Лицо

Андрей Гатинский
Это было, пожалуй, самым посещаемым местом в городе. По правде говоря, трудно даже заключить, закрывалось ли оно вообще когда-нибудь: у здания постоянно толпился народ, на табличке с часами работы было столько исправлений, что разобрать что-либо уже решительно не представлялось возможным. Даже не самое удобное расположение (шутка ли: самые окраины, можно сказать) не отпугивало посетителей, а очереди, которые можно было там наблюдать постоянно, оставляли далеко позади любые другие времязатратные места, такие как магазины с колбасой (в дни завоза) и банки (в дни выдачи пенсии). Может создаться такое впечатление, будто неприметное серое трёхэтажное здание с редкими окнами в зачуханном спальном райончике — центр города. Возможно, это и так. По крайней мере, каждому жителю приходилось бывать в этом здании, каждому приходилось тратить по несколько часов каждый месяц на посещение этого жизненно важного заведения.
Внутри, несмотря на раздражающий жёлтый свет от обычных электролампочек, духоту (даже если система вентиляции там и была, отказала она ещё в стародавние времена; ремонтировать её, разумеется, никто никогда не собирался) и аномально высокую для любого государства плотность населения, всегда царила бодрая атмосфера. Посетители будто бы пришли в цирк, или в театр, или на очередной бессмысленный парад по случаю давно никого не волновавшего исторического события. Словом, все были в предвкушении какого-либо праздника. Видимо, этим объясняется и ещё одна аномалия, наблюдаемая на территории заведения: здесь очень редко можно было встретить примеры обычного для города хамства и прочего неприятного поведения. Казусы, конечно, иногда имели место быть, но они скорее носили характер исключения из правил. Все понимали, что посещение этого места — неизбежно; иначе и жить нельзя!, потому и воспринимали очередь как нечто само собой разумеющееся. Никто никого не торопил, все со смирением стояли и ждали.

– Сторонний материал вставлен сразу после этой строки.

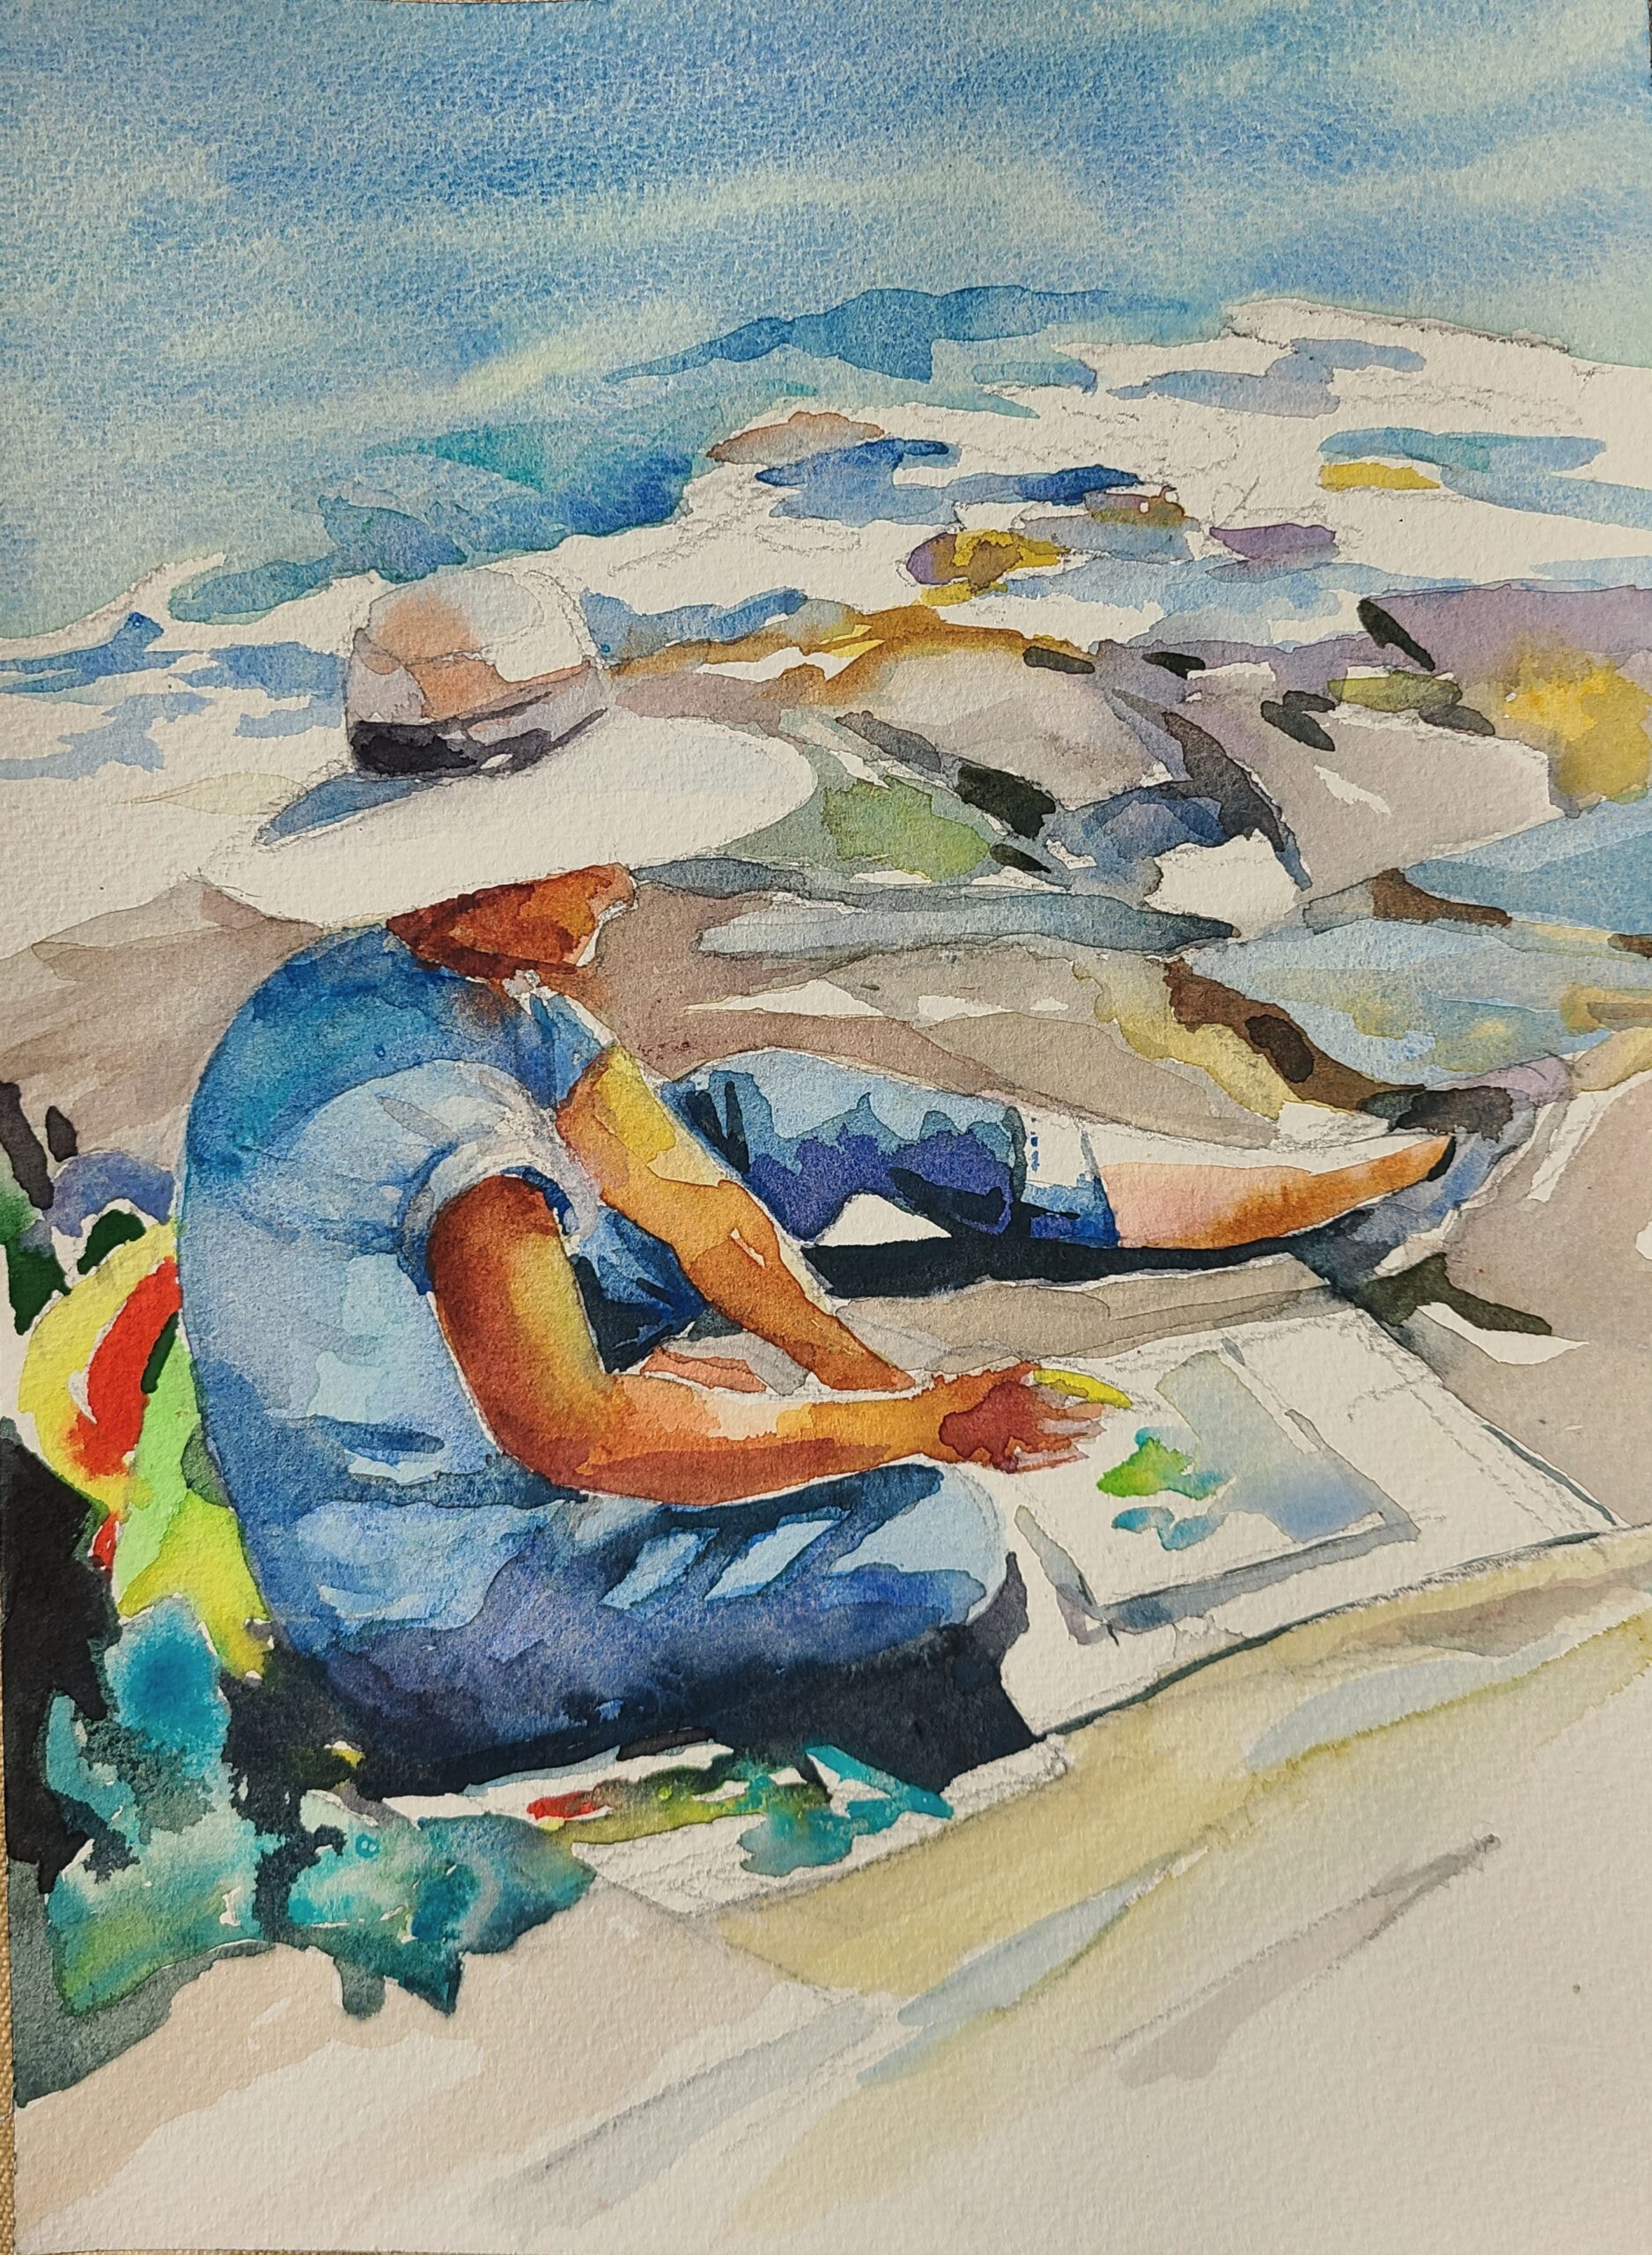 Patricia Painting

В силу, как уже было сказано, невероятной концентрации людей на один квадрат кафеля место представляло собой ещё и подлинную энциклопедию народной жизни: о, о чём только не говорили люди, коротавшие своё время в ожидании праздника! Так, где-то чуть позади, Виолетта Евгеньевна обсуждала со своей лучшей подругой (по совместительству, разумеется, соседкой) альтернативные способы использования квашеной капусты в медицинских целях. А вот, чуть левее, устав стоять в очереди, Пётр, известный предприниматель, уже вышедший из возраста «в самом расцвете сил», восседал на кое-как сбитой лавчонке и с усилием рассказывал случайно оказавшемуся рядом студенту Ваське что-то про индексы, акции и прочие непонятные забугорные радости предпринимательского бытия. Студент Васька упорно боролся со сном и делал вид, что всё прекрасно понимает, хотя на самом деле его мысли, конечно, находились в абсолютно иной плоскости. Пару дней назад, прогуливаясь по общежитию, Васька случайно увидал Настю, знакомую девушку с другого потока, в самом что ни на есть природном её виде (своей вины Васька не признавал, всячески пенял на сквозняк и плохо закрывающиеся двери); с тех пор учебные его показатели обрушились, словно индексы, о которых ему втирал Пётр, а скрытые замыслы не отличались благопристойностью. Словом, Васька бы с радостью плюнул на этого престарелого капиталиста, да только атмосфера не позволяла: он бы просто не пережил позора всенародного осуждения. Приходилось слушать.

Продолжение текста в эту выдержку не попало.